The first claim in the English courts - Magnolia Finance CDOs
The first such fraud misselling claim was filed in the Commercial Court on 15 November 2018:
Loreley Financing (Jersey) No 30 Limited ("L30") –v- (1) Credit Suisse Securities (Europe) Limited ("CSSEL"); (2) Credit Suisse International ("CSI"); (3) Credit Suisse Securities (USA) LLC ("CSSUL"); and (4) Credit Suisse AG ("CSAG") (FL-2018-000019).
The following extracts are from the Claim Form:
1. The Claimant’s claim arises out of its purchase from [a certain Credit Suisse entity] ... of ... USD 100,000,000 ABS Portfolio Variable Rate Notes ... (“the Notes”).

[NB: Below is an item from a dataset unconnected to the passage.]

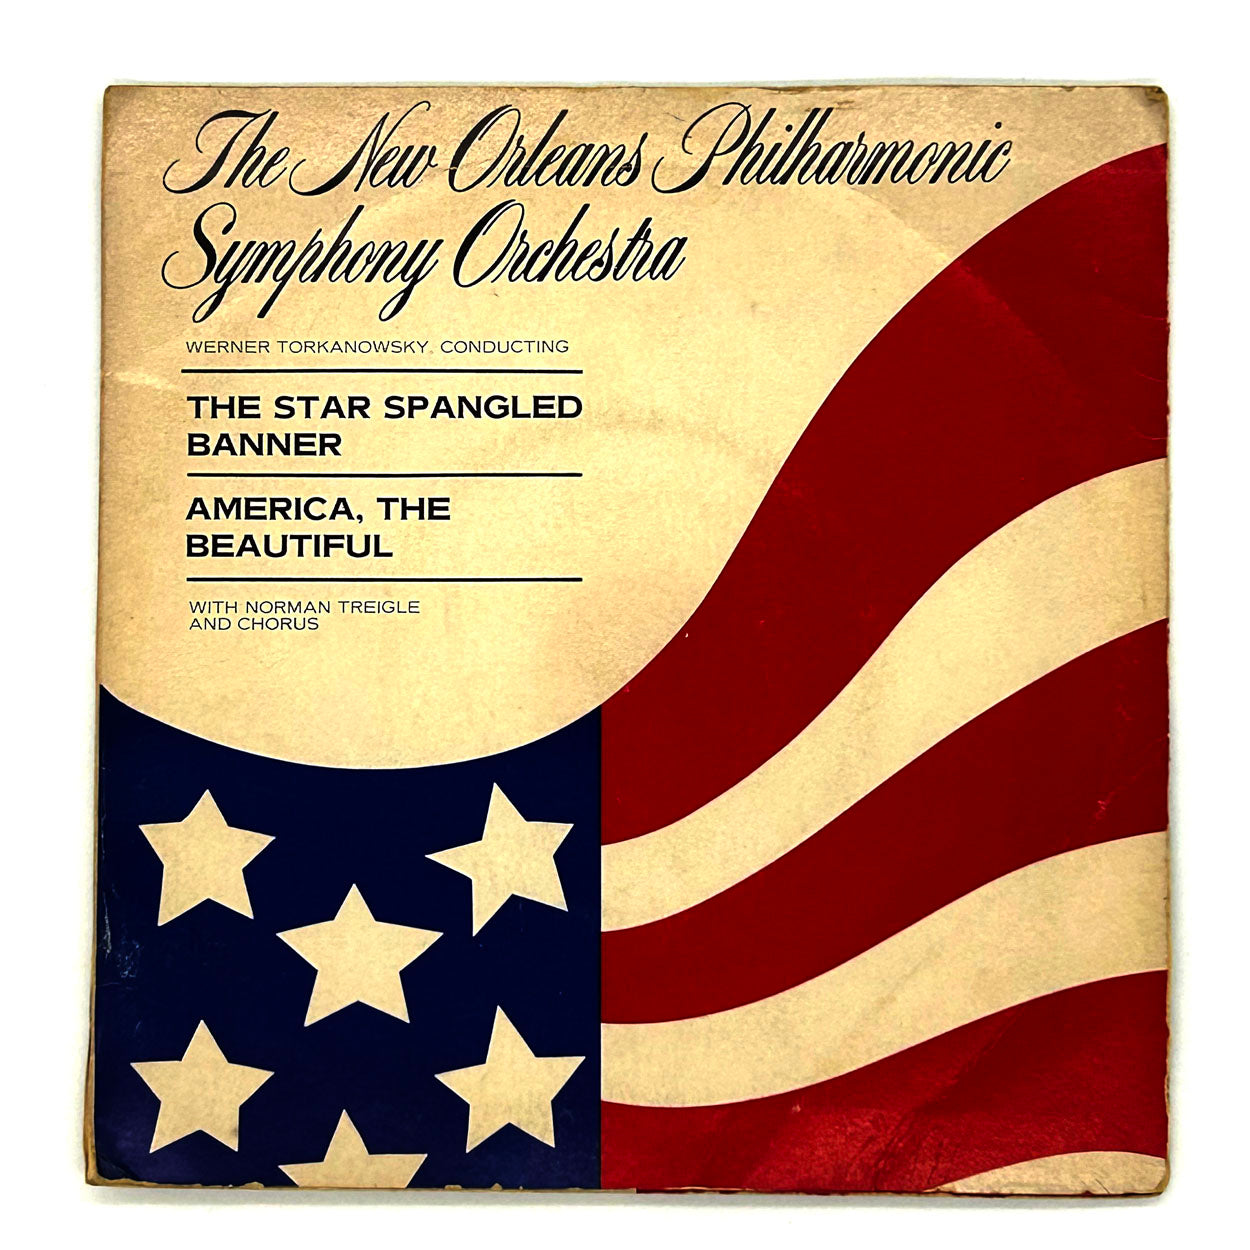 New Orleans Philharmonic Symphony Orchestra, The : THE STAR SPANGLED BANNER/ AMERICA, THE BEAUTIFUL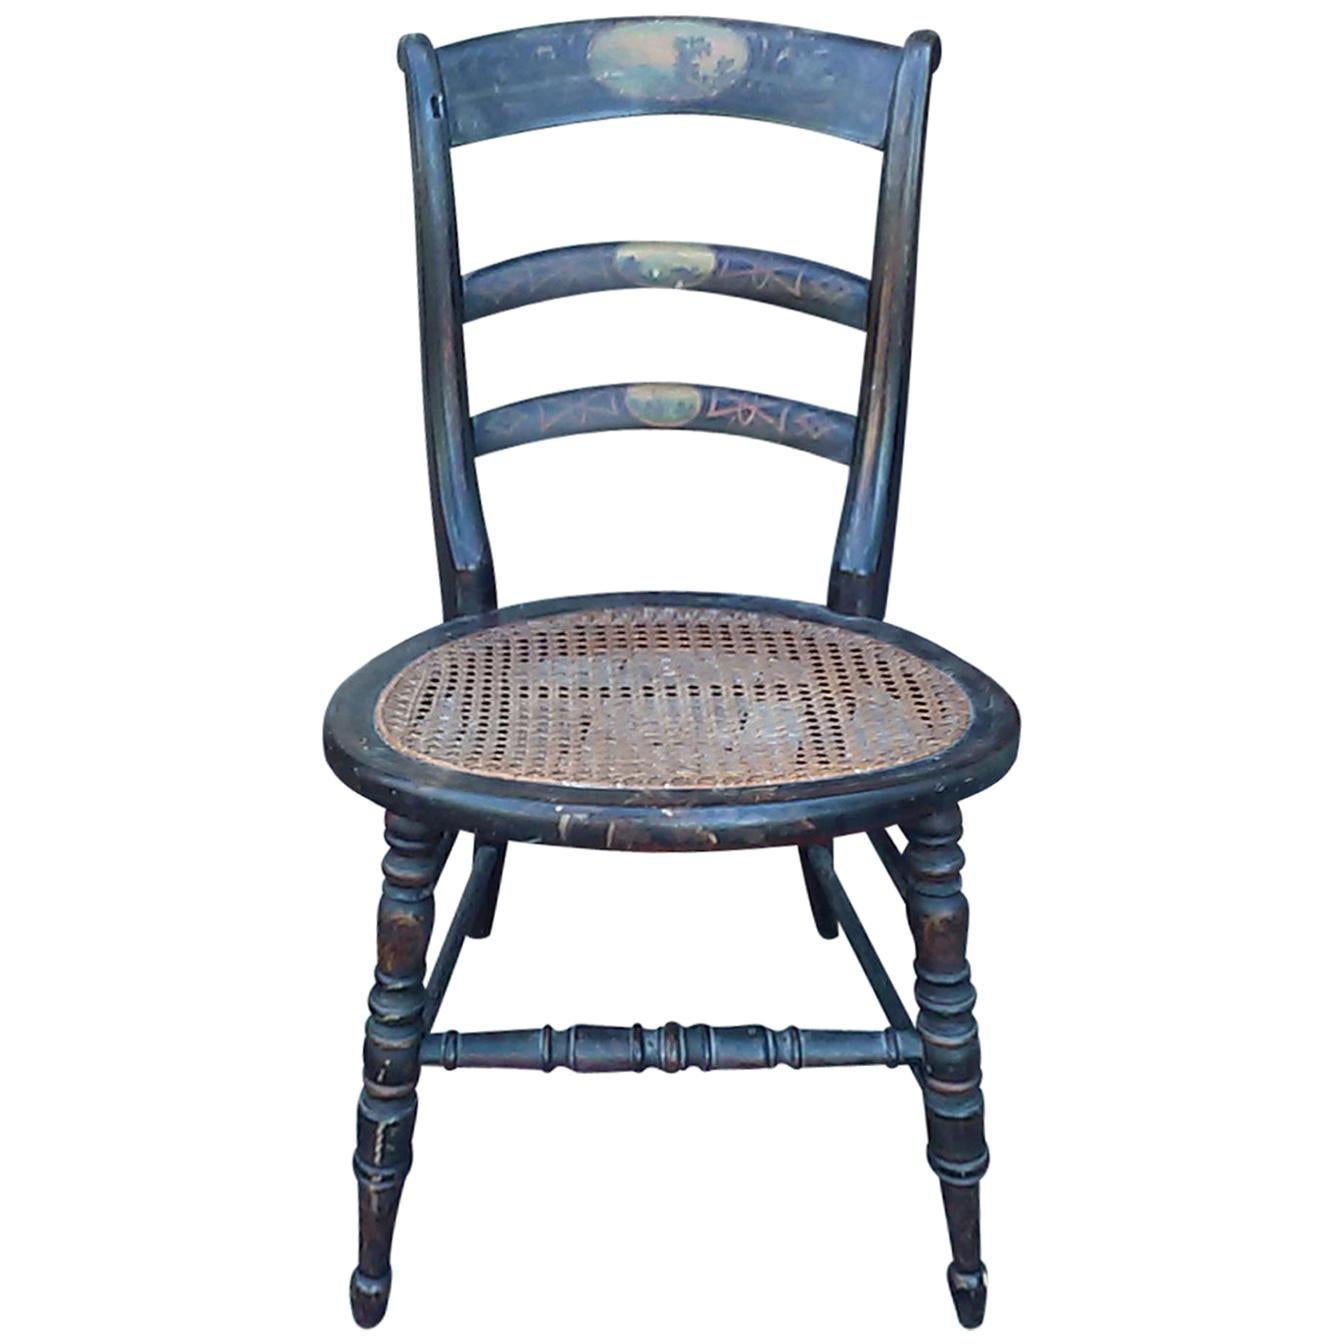 19th Century American Child's Chair Cane Seat, Painted Scenes, Original Paint For Sale

2. The Notes were linked to the credit of a portfolio of Reference Obligations which comprised residential mortgage backed securities (“RMBS Securities”). The RMBS Securities included certain RMBS securities that the ... Defendants ... had packaged, marketed, structured, arranged, underwritten, issued or sold. The Notes formed part of a synthetic collateralised debt obligation (CDO) product that was jointly arranged by the ... Defendants and sold to the Claimant by the ... Defendants ... .
3. The Claimant purchased the Notes in reliance on representations made by or on behalf of ... [the] ... Defendants relating to the characteristics and quality of the RMBS Securities.
4. Those representations were false by reason of the matters set out in the Statement of Facts included at annex 1 to the settlement agreement entered into between the ... Defendants and the United States Department of Justice on 18 January 2017. The representations were made fraudulently, in that [the] ... Defendants knew that the representations were false or was reckless as to whether the representations were true or false.